Zur Theorie politischer Aktionen. Eine Einführung

Münster: edition assemblage 2015; 152 S.; brosch., 12,80 €; ISBN 978-3-942885-96-6
Obwohl sich mit dem Fokus auf politische Aktionen sehr viel über Aktivist_innen und ihre Netzwerke, ihr Selbstverständnis sowie die Erfolgschancen von Protest erfahren lasse, behandele die etablierte Protest‑ und Bewegungsforschung politische Aktionen selten als gesonderte Kategorie, stellt Christiane Leidinger einleitend fest. Um politische Aktionen als eigenständiges Untersuchungselement von Protesten zu profilieren, unternimmt sie im Wesentlichen zwei Schritte.

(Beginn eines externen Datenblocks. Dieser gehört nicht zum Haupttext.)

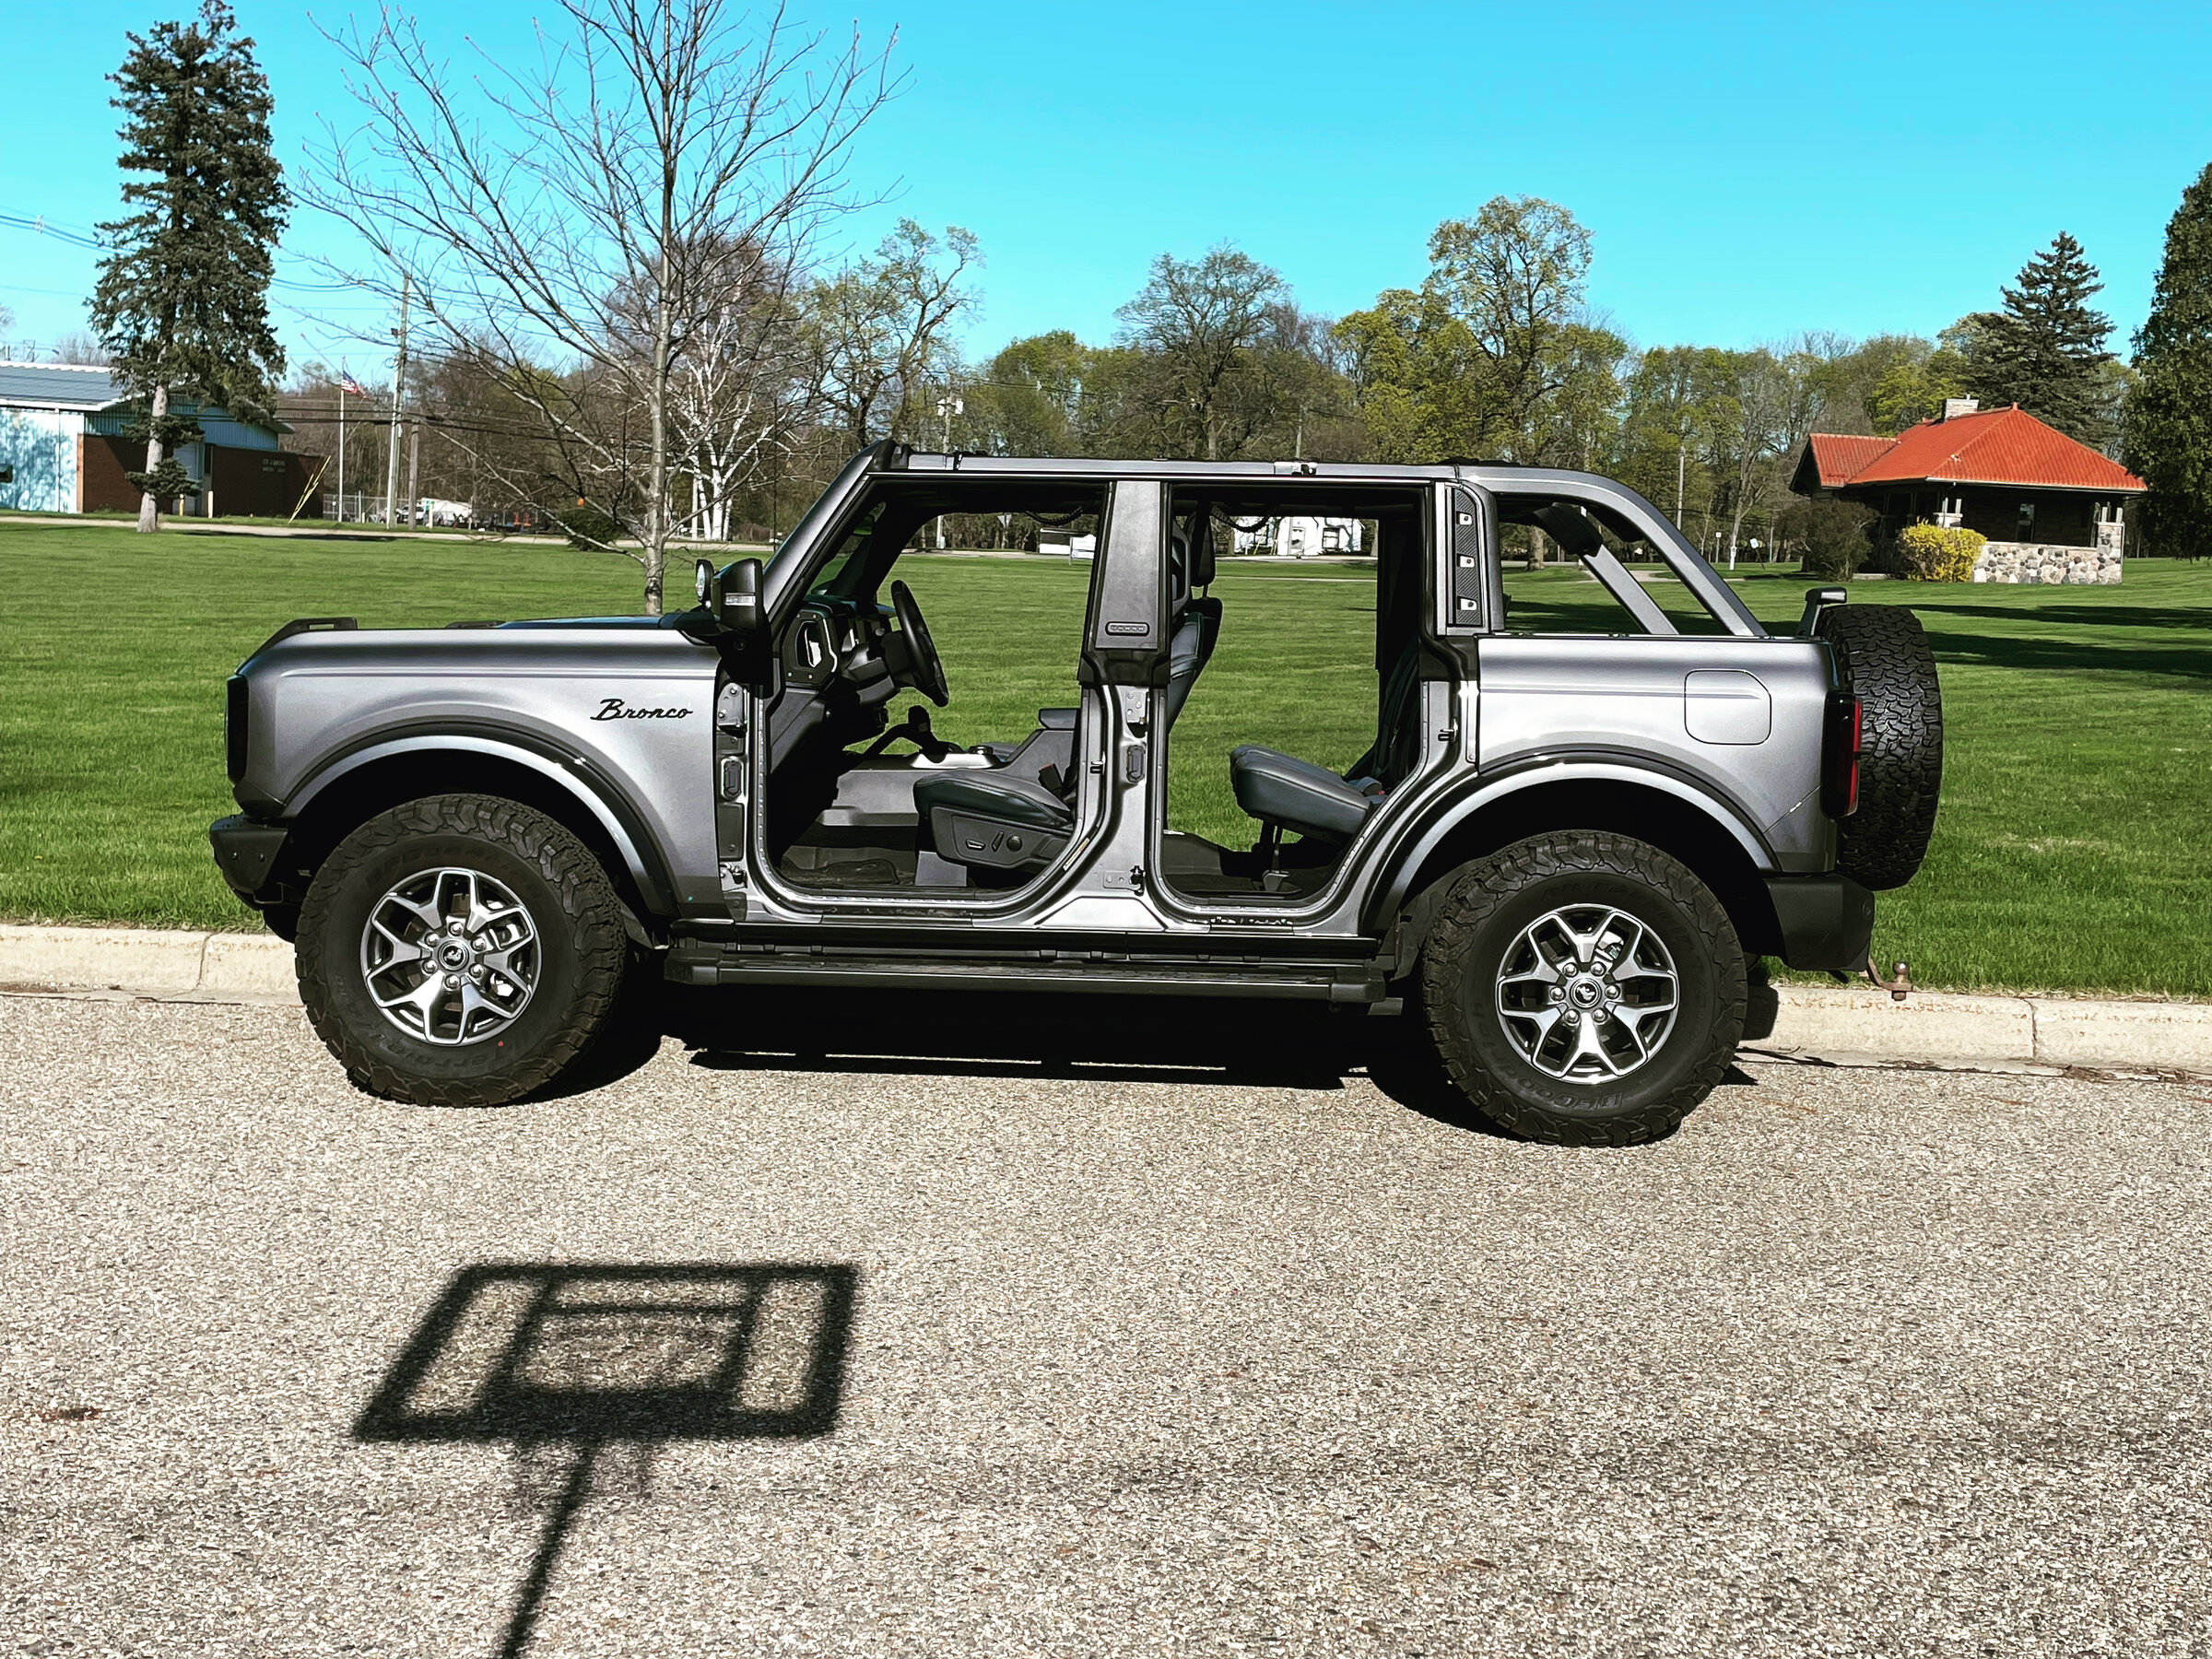 Ford Bronco Let’s see your doors off pics… D3C59AA4-462D-47CE-B244-BC5513905B9E

Sie erarbeitet einen Begriff von politischen Aktionen, der es erlaubt, ihn von benachbarten Begriffen möglichst genau abzugrenzen, und nimmt zu Analysezwecken eine Systematisierung der zahlreichen Formen von politischen Aktionen vor. Was ihren Ansatz auszeichnet, ist der Versuch, ein – im Vergleich zum weit gefassten Begriff der politischen Aktivität – enges Verständnis von politischen Aktionen zu entwickeln und gleichzeitig deren vielfältigen Spielarten gerecht zu werden. Dazu diskutiert sie kritisch die einschlägige Literatur und versucht bestehende Defizite zu beseitigen. So arbeitet sie sich im ersten Schritt durch das „Dickicht an Begriffen mit teils affirmativen, bisweilen diffusen und divergenten bis hin zu widersprüchlichen Auffassungen“ (39) und kommt zu einem Begriff von politischer Aktion, der diese als einen „mehr oder weniger konfrontativen, offensiven Ausdruck, […] ein ausdrückliches, eingreifendes und ein über Sprache hinausgehendes Stellung beziehen und Entscheidungen beeinflussen wollen“ (42) versteht. In Bezug auf die Systematisierung verschiedener Formen politischer Aktionen kritisiert sie insbesondere juristisch und moralisch gefärbte Sichtweisen. In Abgrenzung zu diesen weit verbreiteten, von ihr als Außenperspektive bezeichneten Zugängen, die zumeist zwischen legal/illegal und gewaltlos/gewaltvoll unterscheiden, favorisiert sie die Binnenperspektive, die in die Lage versetzt, politische Aktionen von den Intentionen der Aktivist_innen her zu verstehen und dadurch umfassender zu analysieren. Weitere zentrale Probleme sind für Leidinger die kaum vorhandene Aufmerksamkeit für feministische politische Aktionen und die geringe Berücksichtigung von historischen Kontexten, in denen sich die jeweiligen politischen Aktionen ereigneten. Insgesamt besticht Leidingers Einführung durch einen hohen Reflexionsgrad und sensibilisiert dadurch für eine komplexe Sichtweise auf eine in der Forschung bislang randständig behandelte und von Medien oft nicht ernst genommene politische Praxis.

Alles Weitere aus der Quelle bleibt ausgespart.